Task details:
Under this line are the records; write out word for word the part that begins at the line containing "Rail Baltica construction" and ends at the line containing "FOTO:SANDER ILVEST/POSTIMEES", and no more.

(Data for this exercise begins)

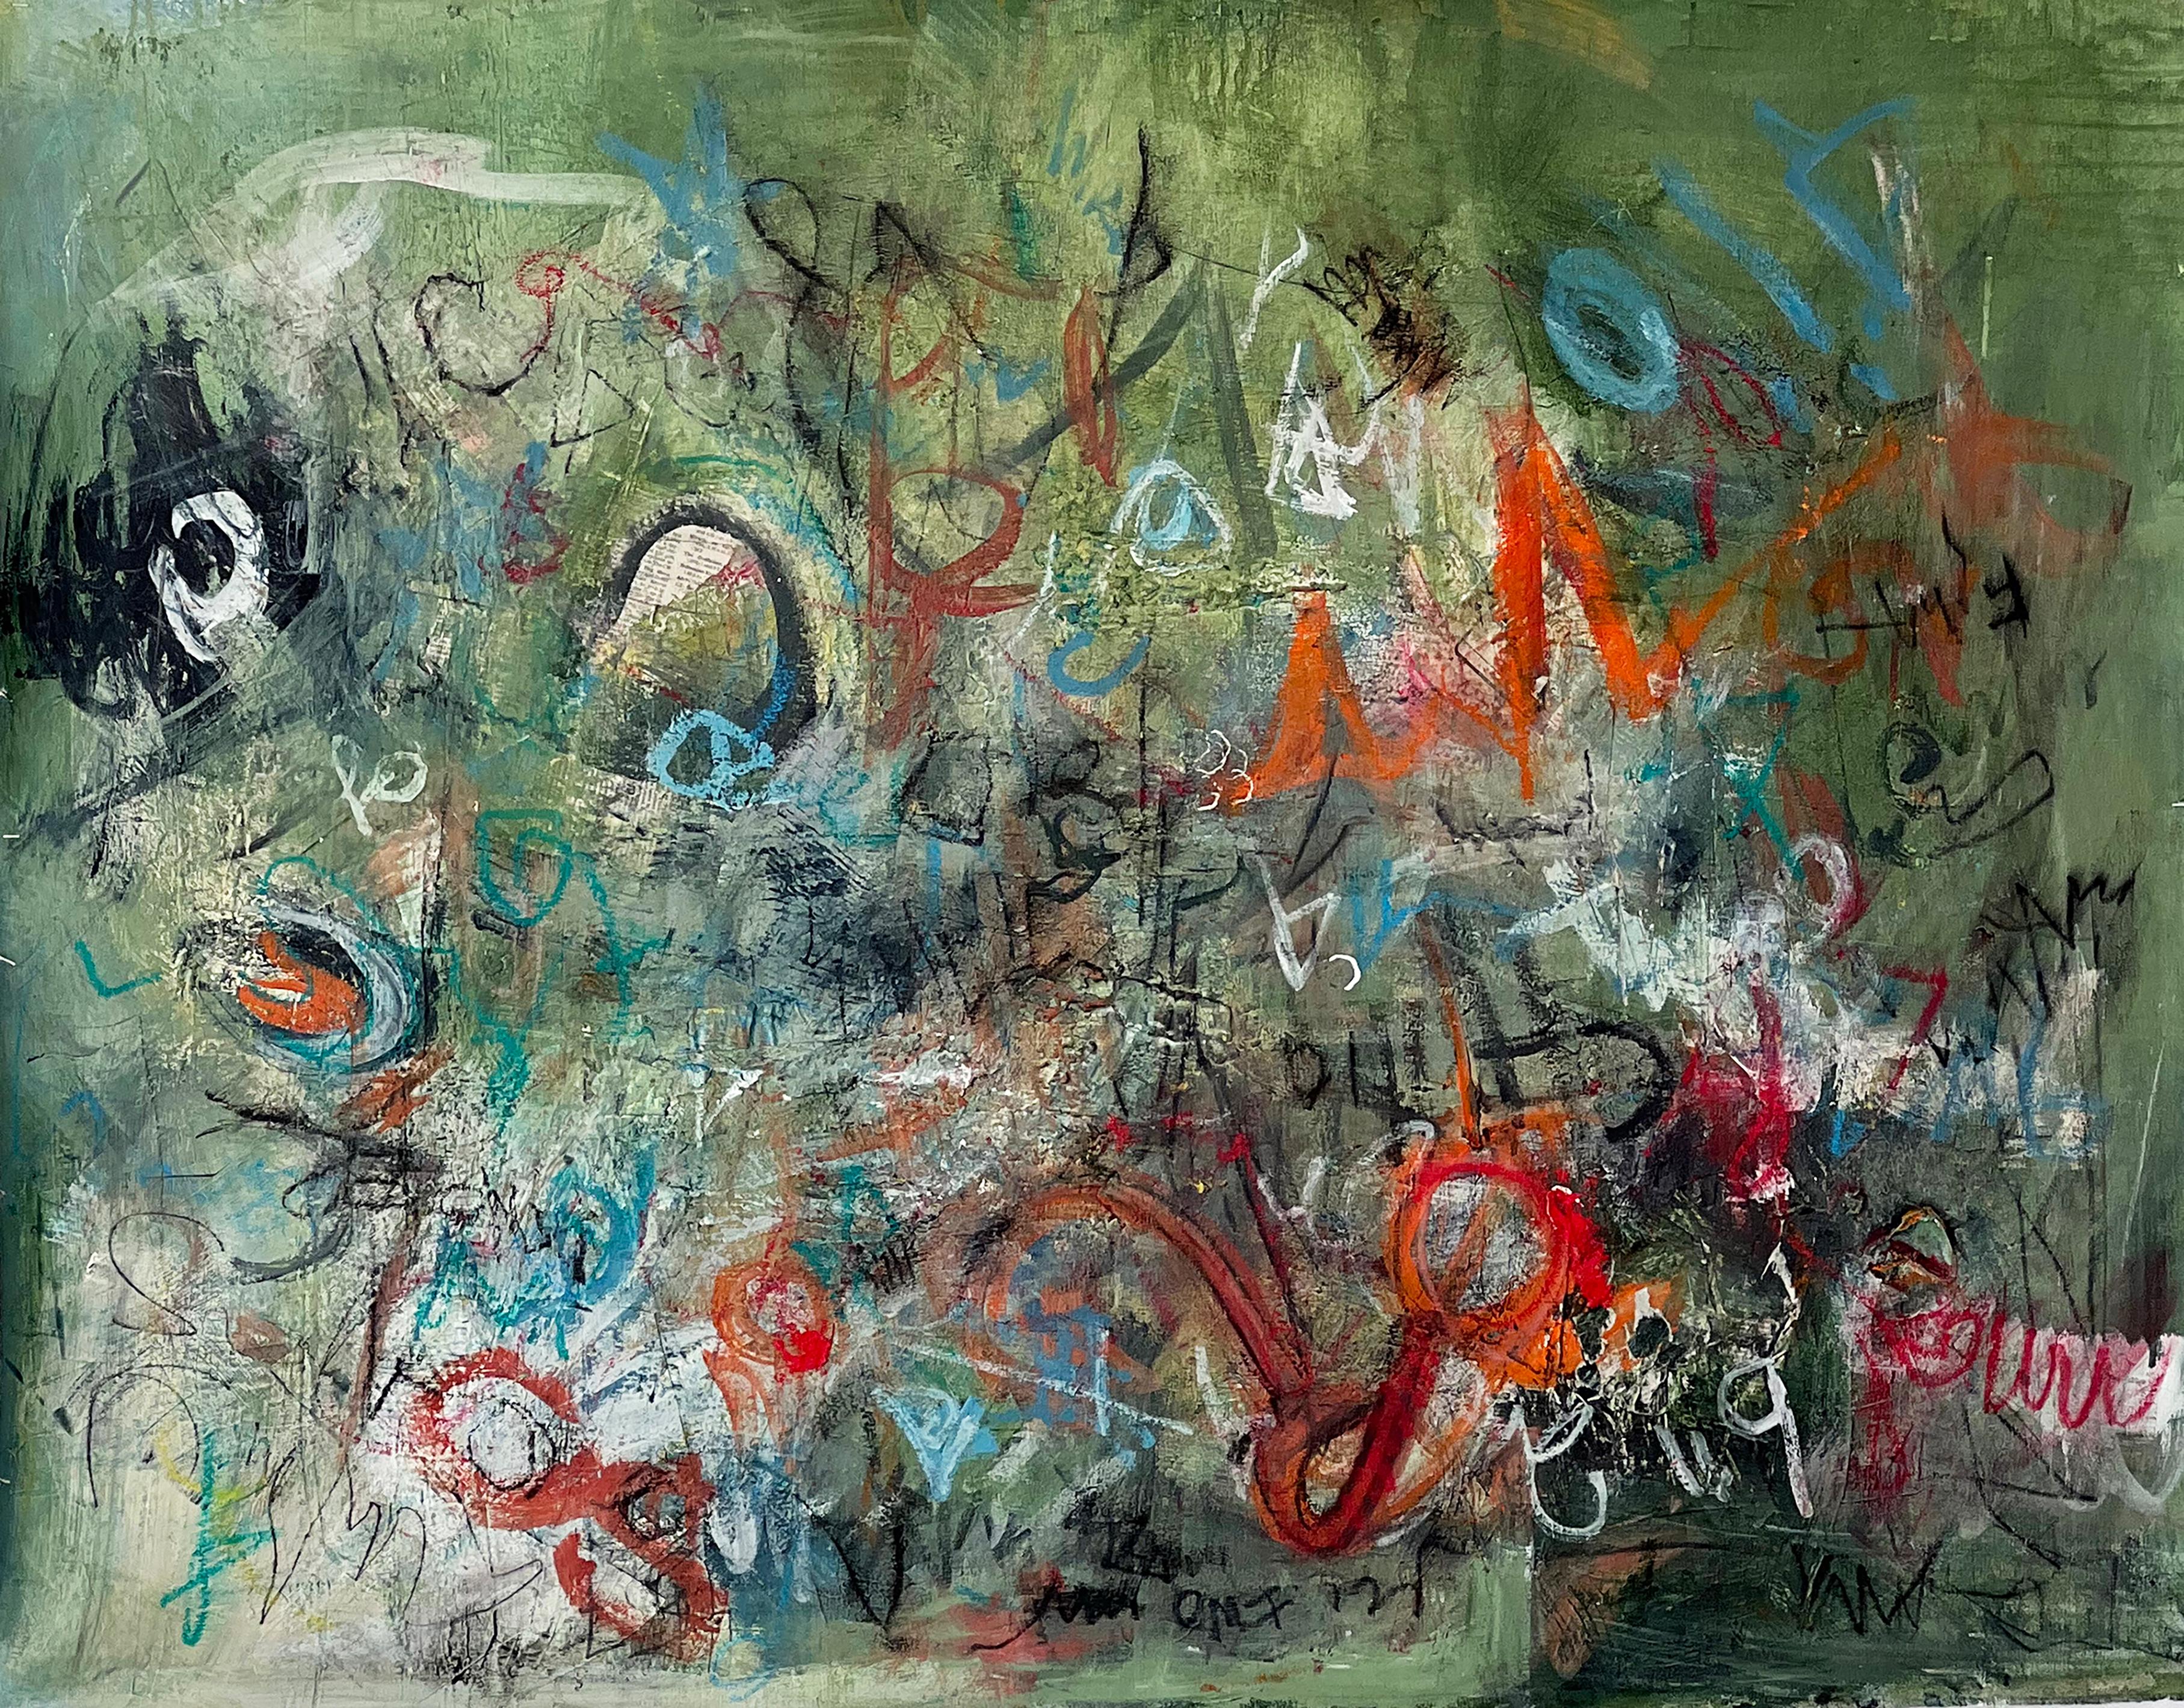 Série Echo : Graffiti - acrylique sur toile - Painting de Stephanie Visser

(Data for this exercise ends)
(Data for this exercise begins)

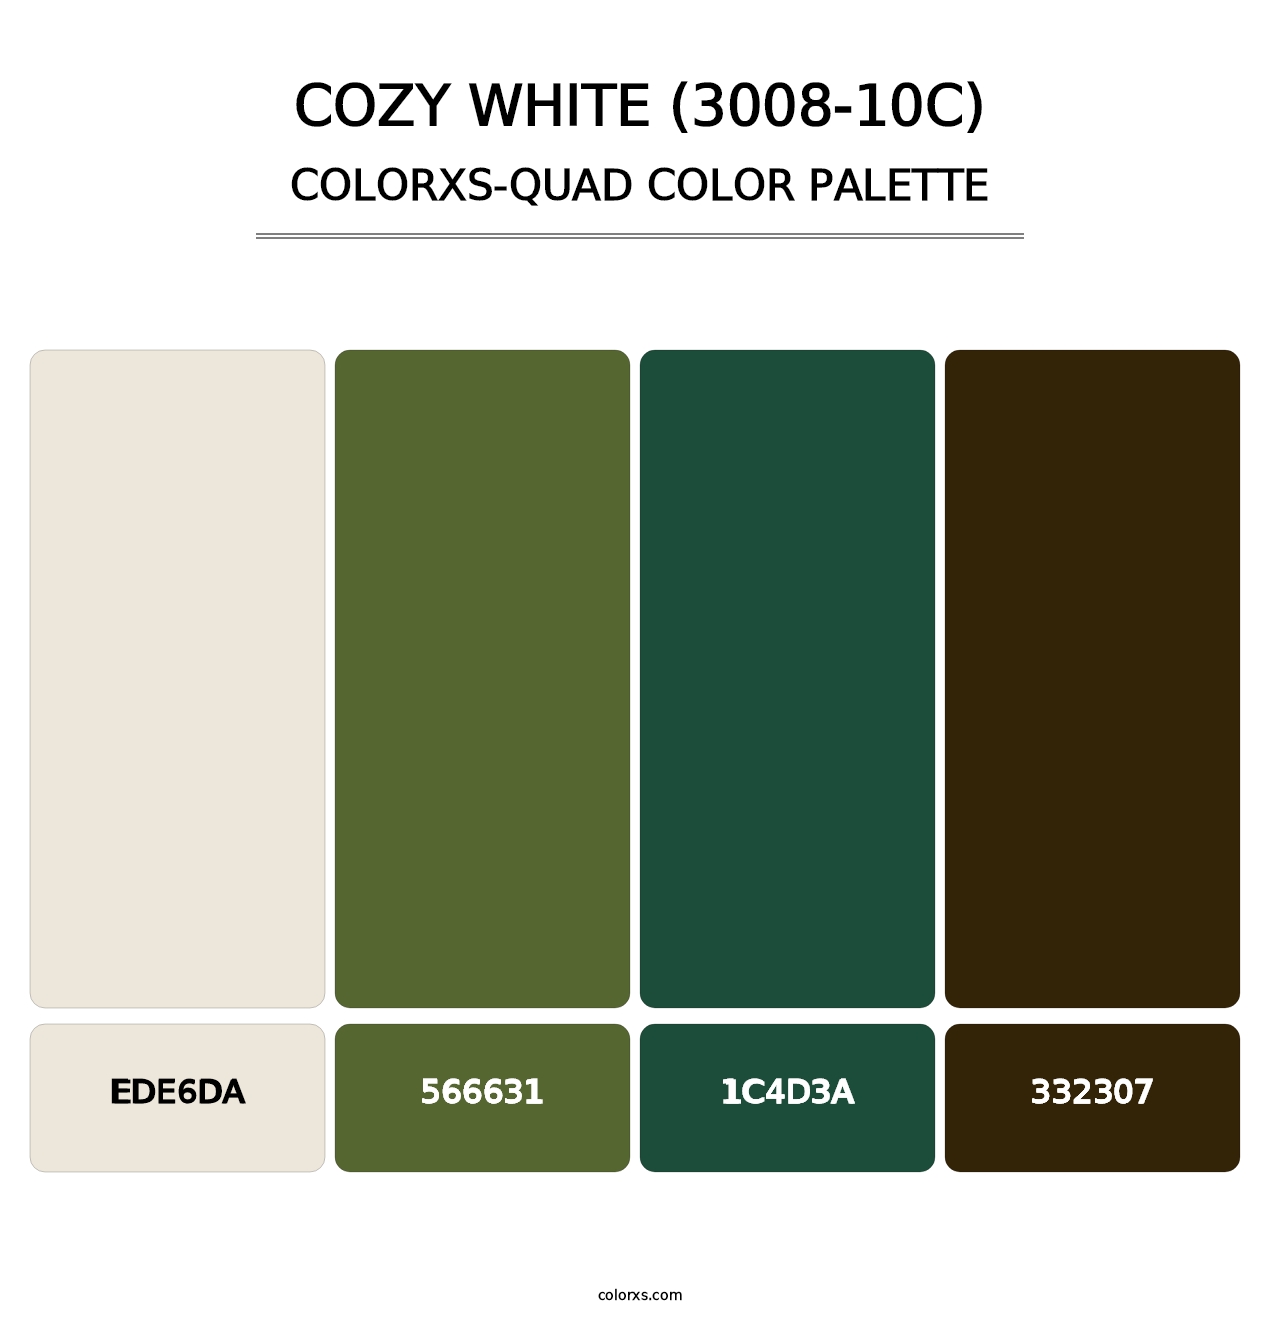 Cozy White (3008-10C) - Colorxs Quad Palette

(Data for this exercise ends)
(Data for this exercise begins)

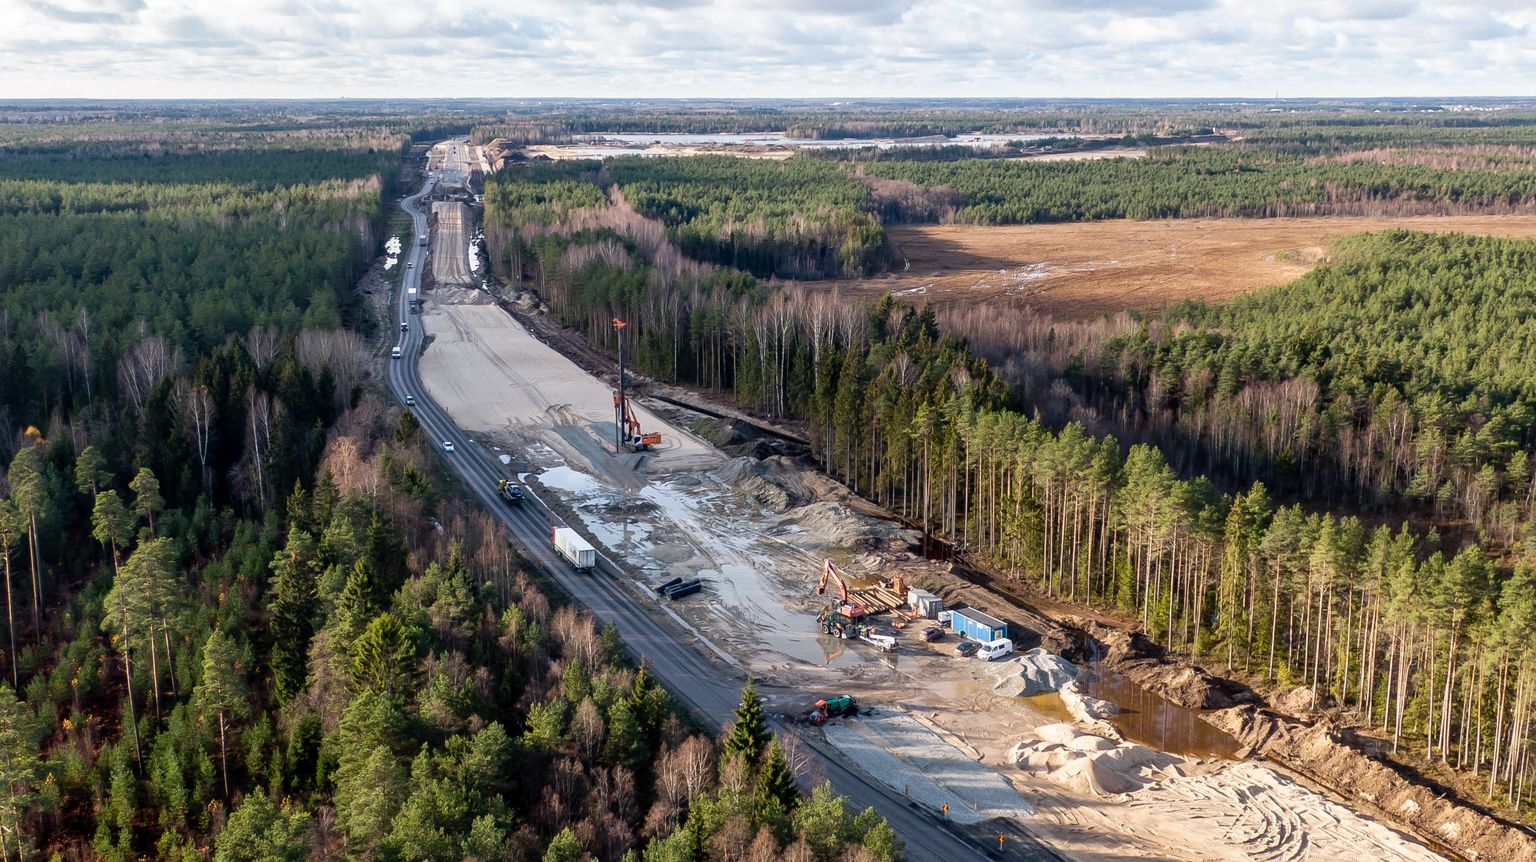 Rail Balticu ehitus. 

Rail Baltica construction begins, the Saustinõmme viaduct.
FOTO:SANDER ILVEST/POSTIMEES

(Data for this exercise ends)

Written reply:
Rail Baltica construction begins, the Saustinõmme viaduct.
FOTO:SANDER ILVEST/POSTIMEES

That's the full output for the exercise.